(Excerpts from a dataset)

↓

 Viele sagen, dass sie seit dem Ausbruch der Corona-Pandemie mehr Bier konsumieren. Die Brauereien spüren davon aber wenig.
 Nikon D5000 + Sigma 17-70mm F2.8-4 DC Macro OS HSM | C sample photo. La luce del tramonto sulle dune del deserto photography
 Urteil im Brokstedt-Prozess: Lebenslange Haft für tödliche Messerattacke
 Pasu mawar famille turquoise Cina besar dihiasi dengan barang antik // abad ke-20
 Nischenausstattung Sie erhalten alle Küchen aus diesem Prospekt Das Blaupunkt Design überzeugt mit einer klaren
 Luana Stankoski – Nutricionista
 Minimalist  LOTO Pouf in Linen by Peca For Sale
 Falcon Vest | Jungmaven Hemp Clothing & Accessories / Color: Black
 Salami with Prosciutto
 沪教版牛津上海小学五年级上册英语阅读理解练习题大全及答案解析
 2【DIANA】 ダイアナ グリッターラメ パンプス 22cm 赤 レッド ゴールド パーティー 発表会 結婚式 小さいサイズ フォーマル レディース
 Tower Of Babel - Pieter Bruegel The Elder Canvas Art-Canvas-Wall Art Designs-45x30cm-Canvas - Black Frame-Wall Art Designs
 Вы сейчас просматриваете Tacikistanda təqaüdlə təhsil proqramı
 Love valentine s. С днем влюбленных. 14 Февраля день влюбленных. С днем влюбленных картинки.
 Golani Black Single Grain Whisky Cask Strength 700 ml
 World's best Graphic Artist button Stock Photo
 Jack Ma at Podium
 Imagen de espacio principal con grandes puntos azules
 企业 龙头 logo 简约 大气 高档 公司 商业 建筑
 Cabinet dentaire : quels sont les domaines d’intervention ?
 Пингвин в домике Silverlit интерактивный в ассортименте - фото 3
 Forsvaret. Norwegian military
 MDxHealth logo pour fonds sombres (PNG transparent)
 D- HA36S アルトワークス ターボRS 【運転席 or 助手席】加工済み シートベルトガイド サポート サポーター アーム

↑

§ **WHAT TO PRODUCE**:
Search the data above for lines holding "logo" and copy each of them.

§ **EXERCISE OUTPUT**:
 企业 龙头 logo 简约 大气 高档 公司 商业 建筑
 MDxHealth logo pour fonds sombres (PNG transparent)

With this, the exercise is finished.